Dr. Karine Bouchard is from Baker Brook, a village 30 minutes outside Edmundston, and she returned to the region after studying medicine at the Universite de Moncton, which has a joint program with the Universite de Sherbrook. Edmundston needs more doctors, she says, so residents appreciate doctors who come back to the area to practice.
“It was always the plan for me to return,” said Bouchard, a general practitioner at the Edmunston Regional Hospital. “People are really grateful for that.”
Bouchard says the region could use as many as 15 more doctors.
The province faces a chronic shortage of doctors, with nearly 40,000 residents across the province without a family physician. But there is reason to believe it can close the gap with help of the New Brunswick Medical Education Foundation (NBMEDED), which has no shortage of people like Slayter and Bouchard, both applying for funding and passionate about practicing here after completing their medical education.
NBMEDED, launched in 2010 by Dr. Donald Craig, has since become an important part of addressing the shortage, awarding 130 scholarships over the years and growing every year to meet the increasing demand. Last August it awarded 41 bursaries for a total of $303,000.
The foundation has more than $6-million invested to support bursaries, and a generous, but relatively small group of donors. It’s now looking for additional small and large donors to support more students year to year, and help bring down that waiting list.
The application process for the next round funding is also open until May 31.
Bouchard and Slayter are both scholarship recipients.
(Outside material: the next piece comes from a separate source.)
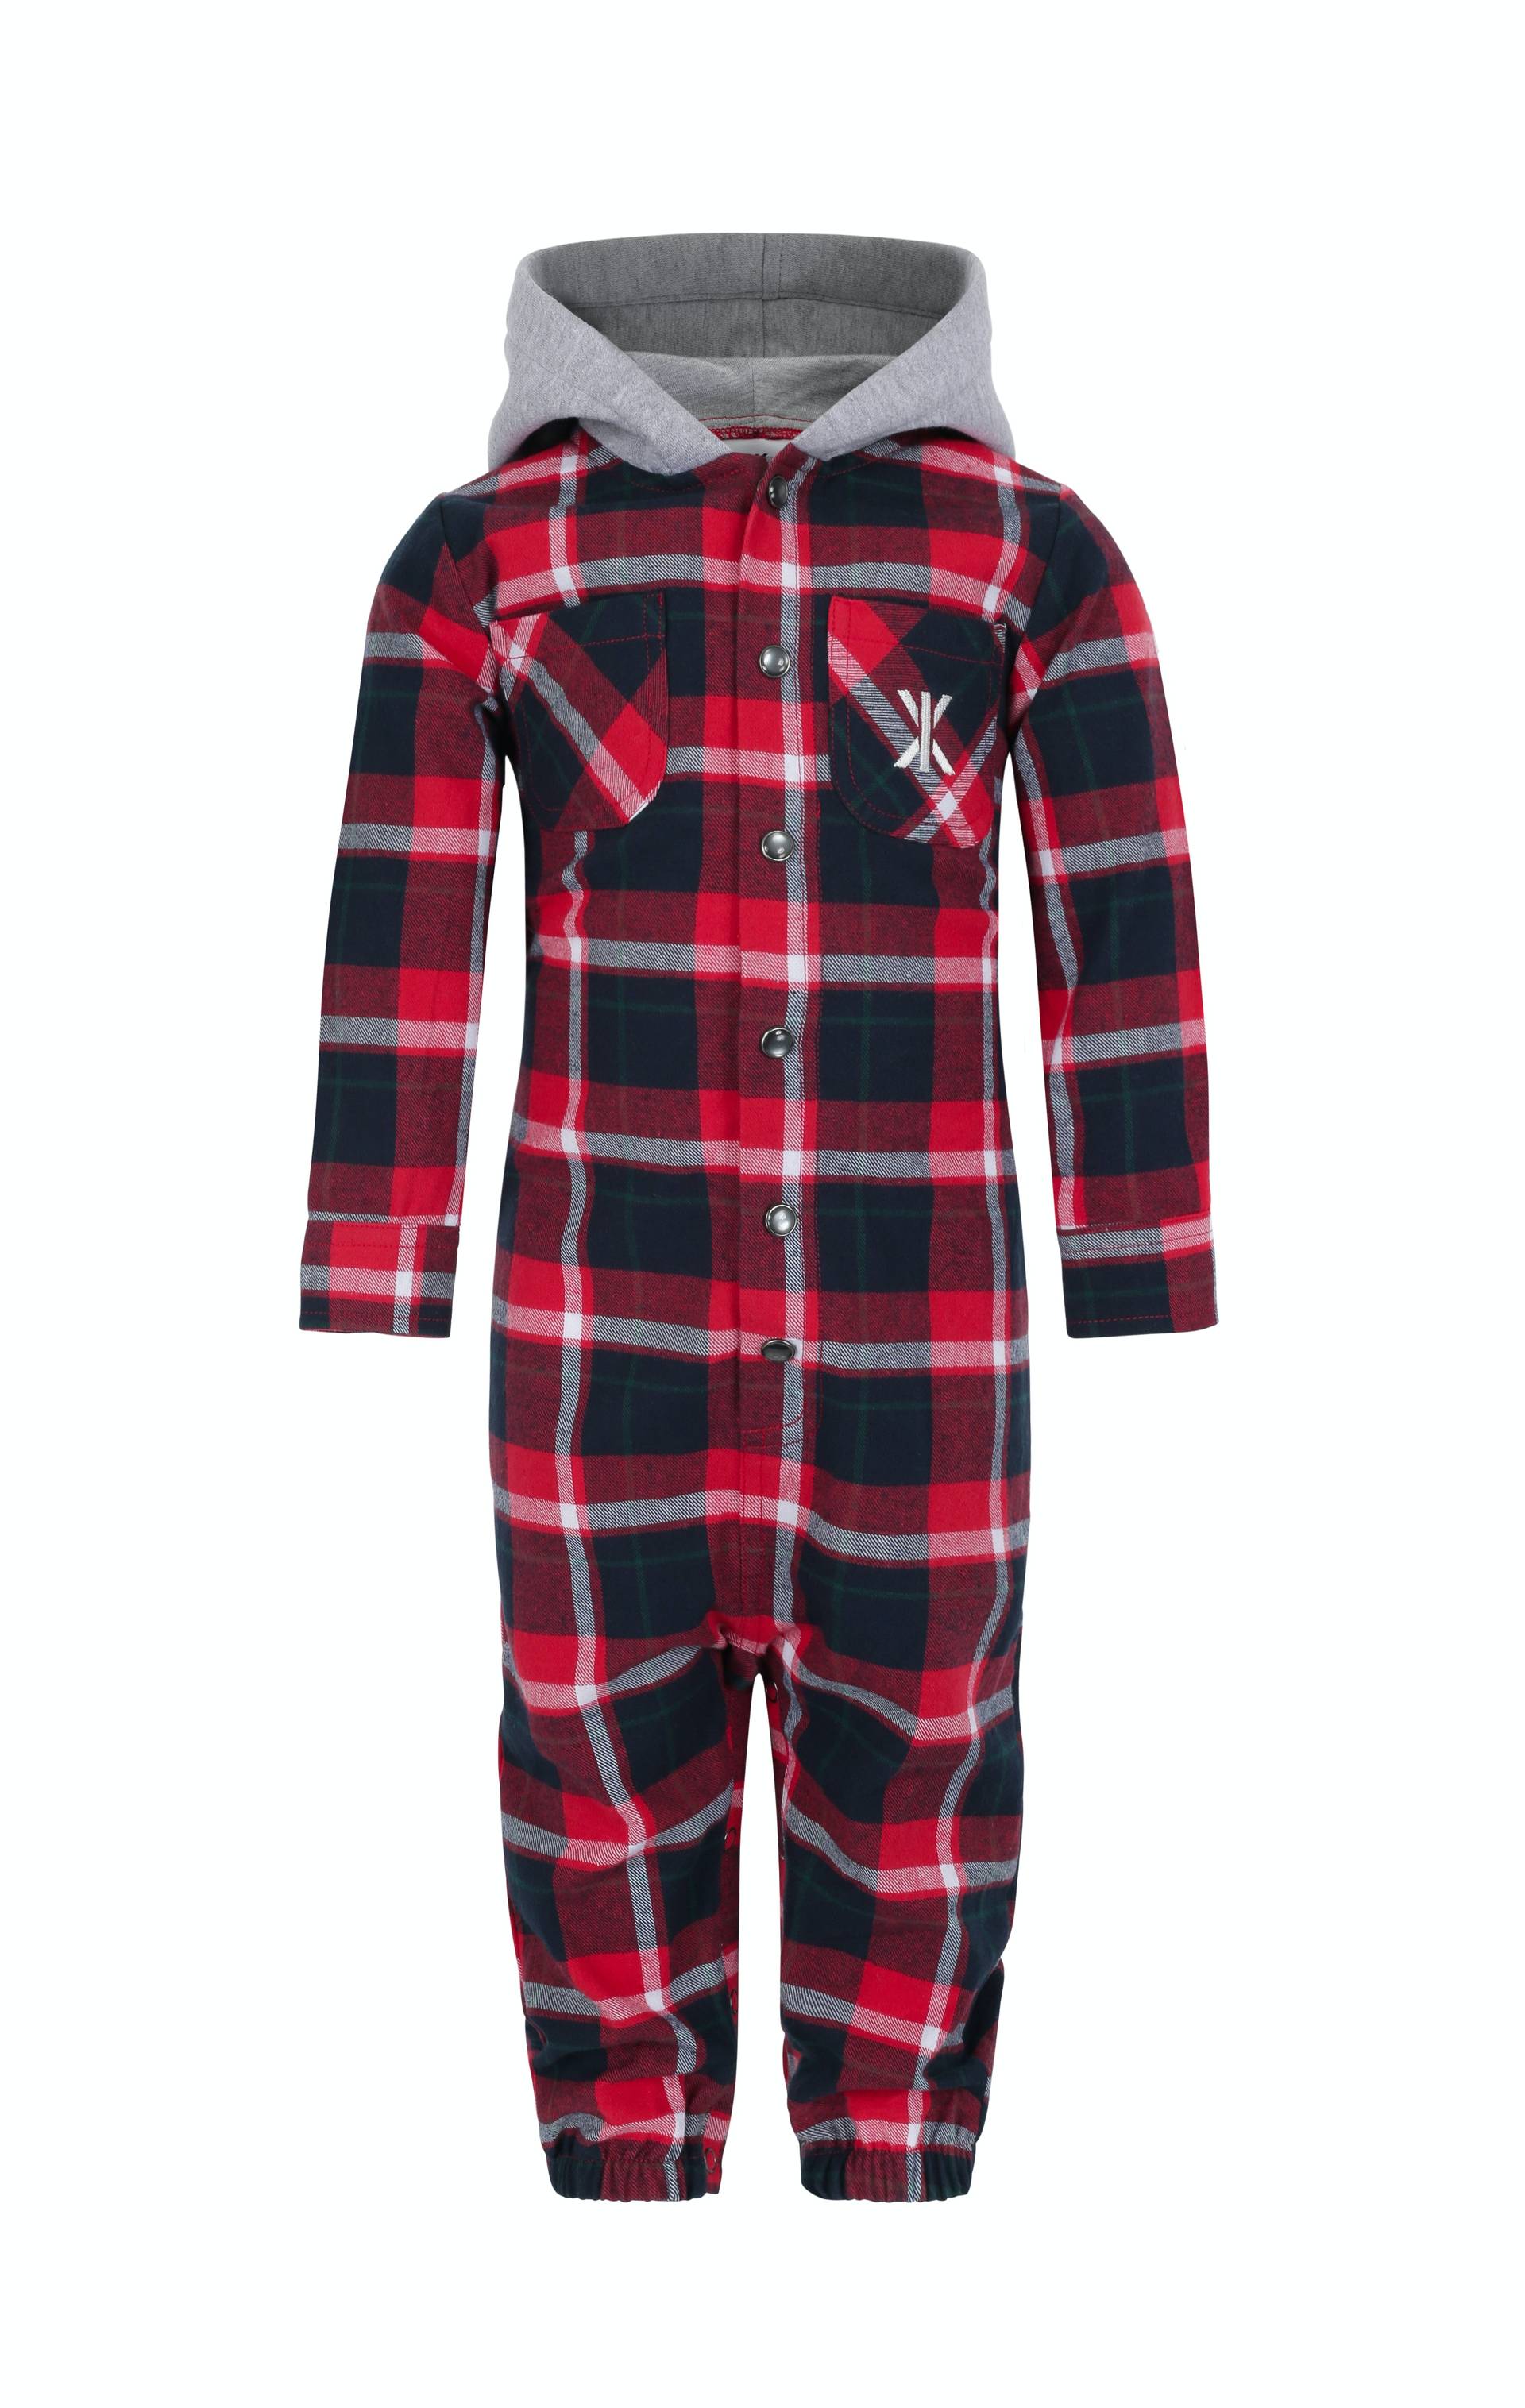 Onepiece Check Baby Jumpsuit Black / Red - 1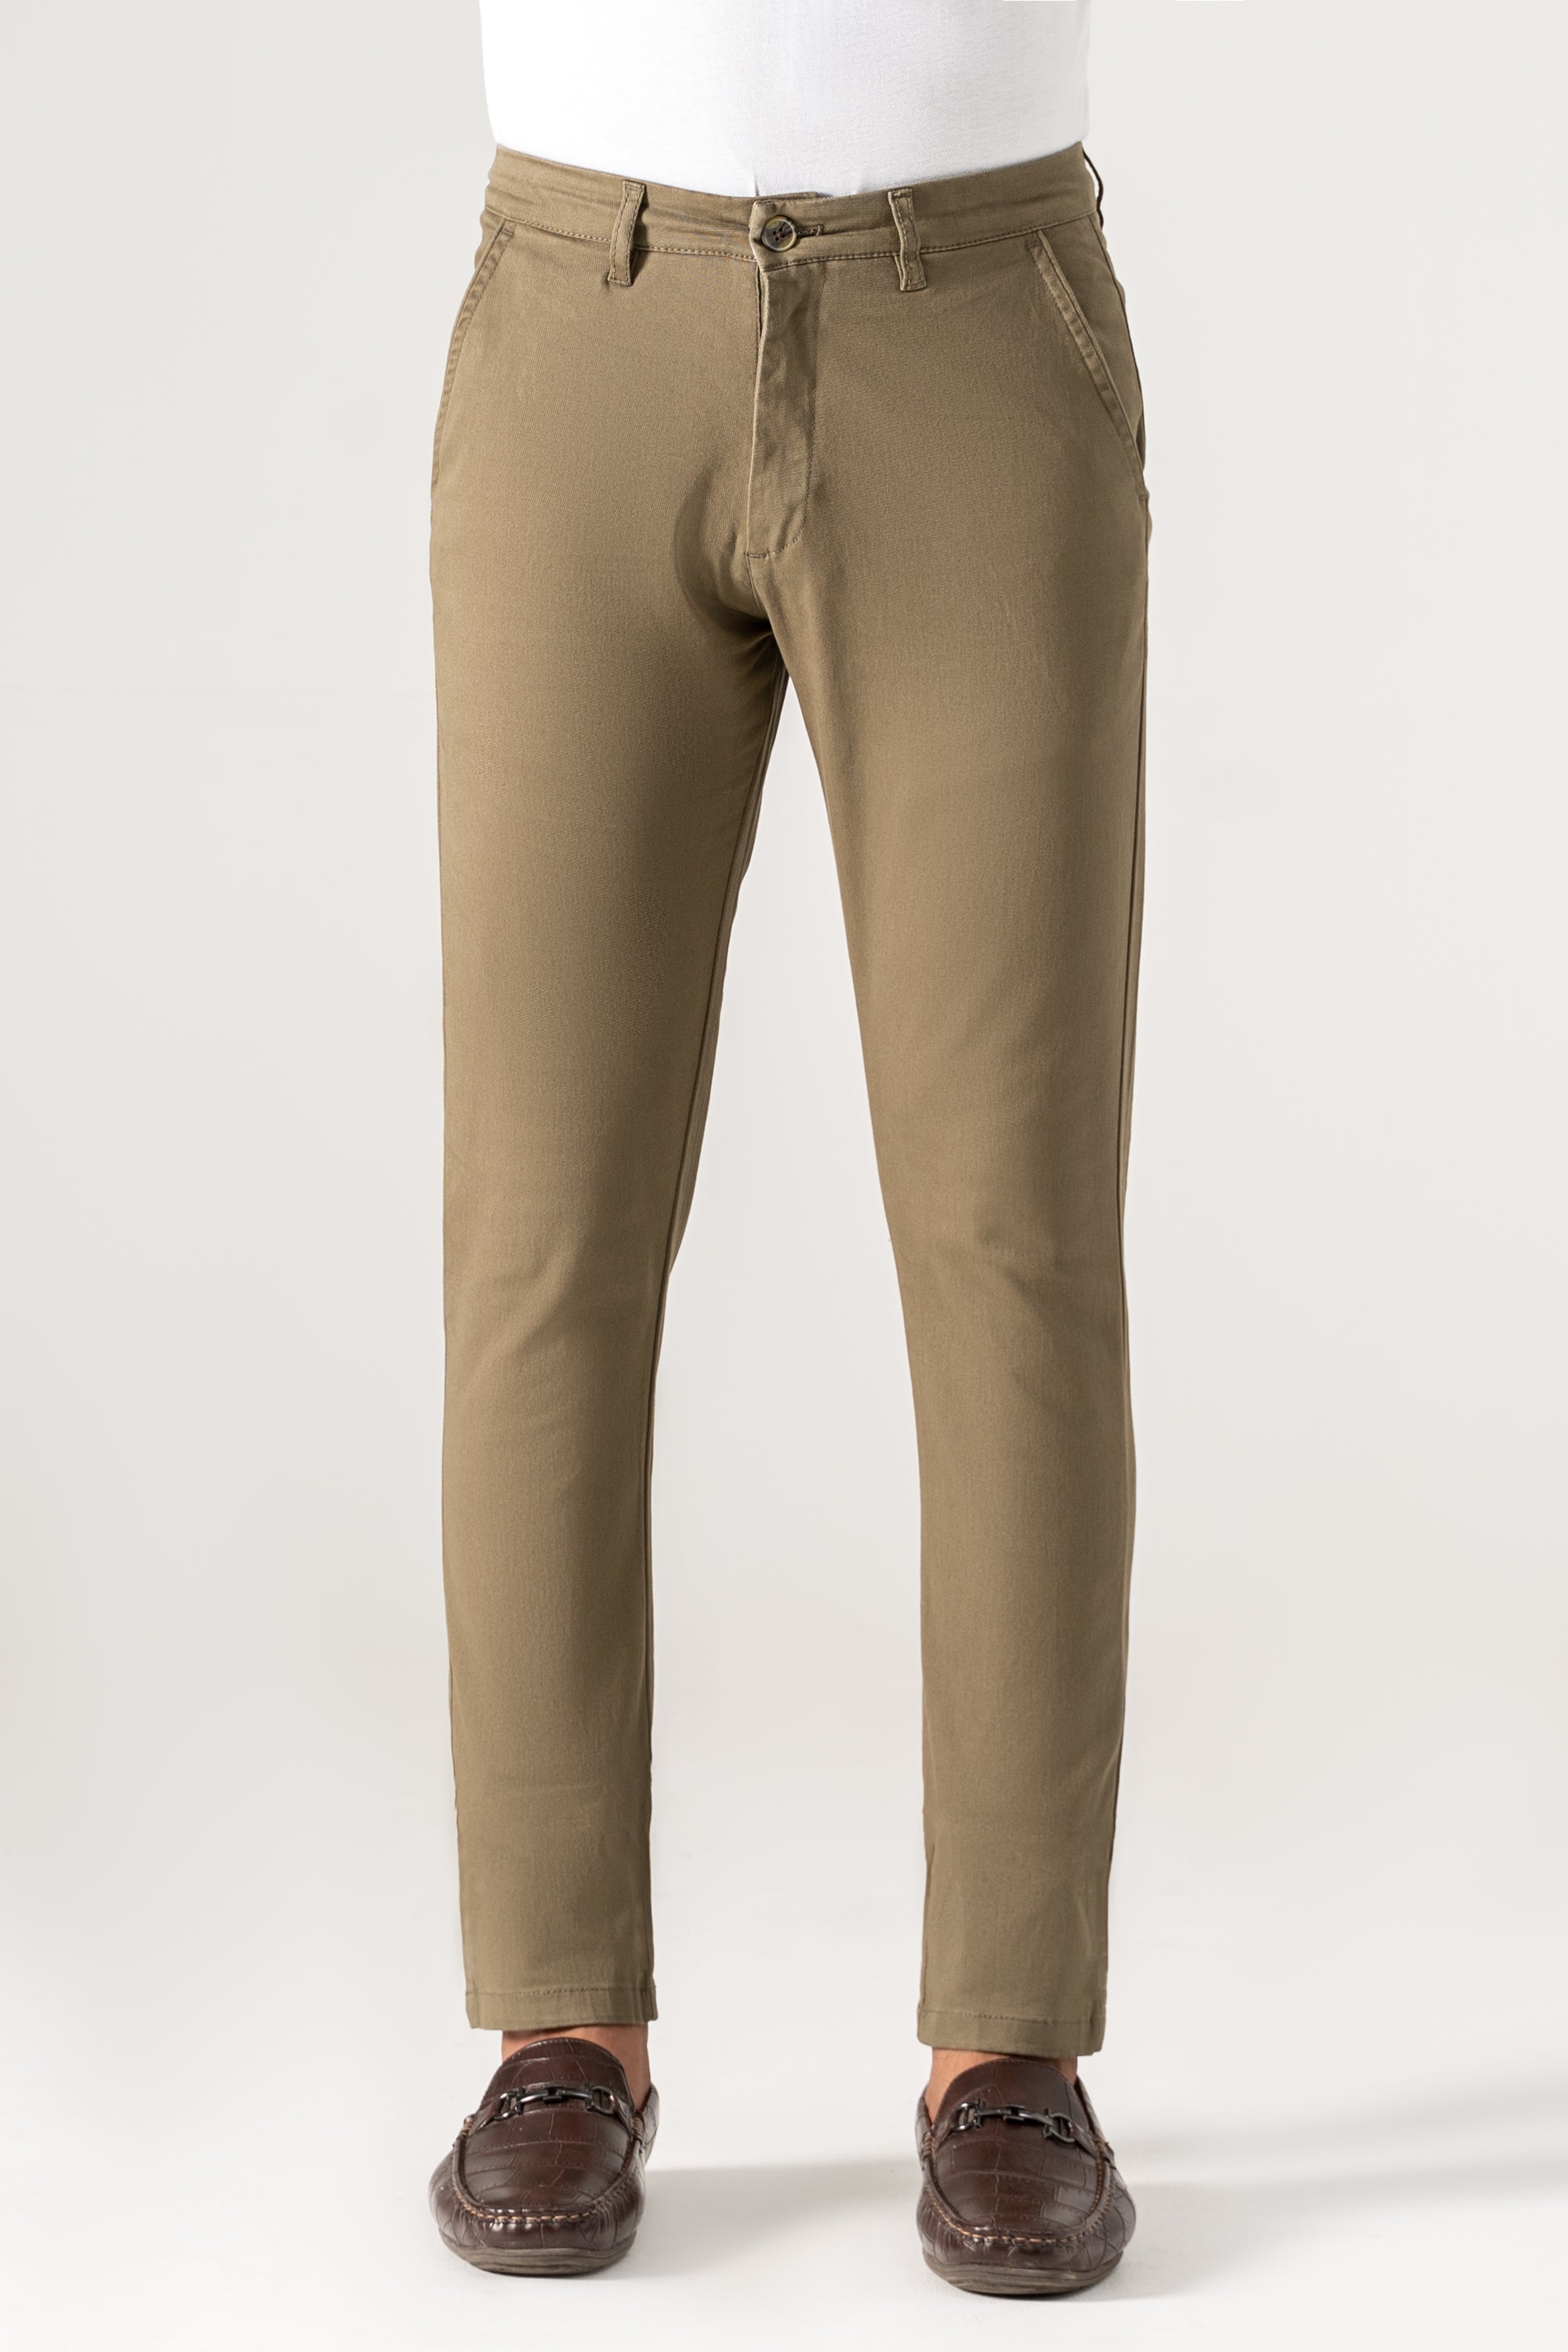 CROSS POCKET CASUAL PANT OLIVE

Bouchard graduated in 2019 and says the funding was crucial for her.
“It was really important because I’m from a little village and my parents were not able to help me financially,” she said. “I was working on own to raise the money to go, so the foundation helped me a lot.”
Slayter says the foundation’s financial support is a demonstration of its commitment to keeping its new doctors at home in New Brunswick.
“There are pressures to leave the province, either for financial reasons or other opportunities, but having the foundation really does show that New Brunswick really does want physicians to stay, and they want New Brunswickers to stay.”
Slayter did summer research jobs at the Stan Cassidy centre that made him realize top-notch work was being done in the province.
“There is a lot of cutting-edge research happening in rehab that is able to really improve people’s quality of life,” he said. “Watching people go from being in a wheelchair to walking again, just to observe it is quite a phenomenal feeling.”
Slayter is also a natural networker and collaborator. It’s how he got his first job at Stan Cassidy, he says, and it also inspired him to help start the Atlantic Student Research Journal.
“A lot of what we did was connecting students to researchers and to career paths they were interested in.”
It’s also what he values about the NBMEDED, in addition to the financial assistance the foundation provides.
The foundation prides itself on connecting with students and introducing them to the benefits of living and working in the province.
Dr. Michael Simon, a board member and chair of the foundation’s alumni committee, says the scholarships themselves are important, but the personal, networking aspect is also critical.
“You have to get to the students early,” he says. “You have to build a relationship with them. You show them the positive aspects of working [here] with the great camaraderie with all the specialists and family doctors. And you show them all the things outside medicine, the rivers, the recreational activity, the quality of the people. Once you get them in here and they see all of that, you have a better chance to make them stay.”
Dr. Simon has done this kind of work informally for decades. Now he says the foundation can help formalize and implement that way of operating on a larger scale, connecting new doctors with new opportunities and communities throughout the province.
“I’ve been involved [with students and new doctors] like this for three decades, bringing them out to dinner, bringing them into my practice, and helping other groups bring their doctors in,” he says.
“When you get the medical community involved and then you get the business community involved, and the average person looking for family doctors, then you have everyone moving in the right direction. This foundation is an excellent manifestation of that.”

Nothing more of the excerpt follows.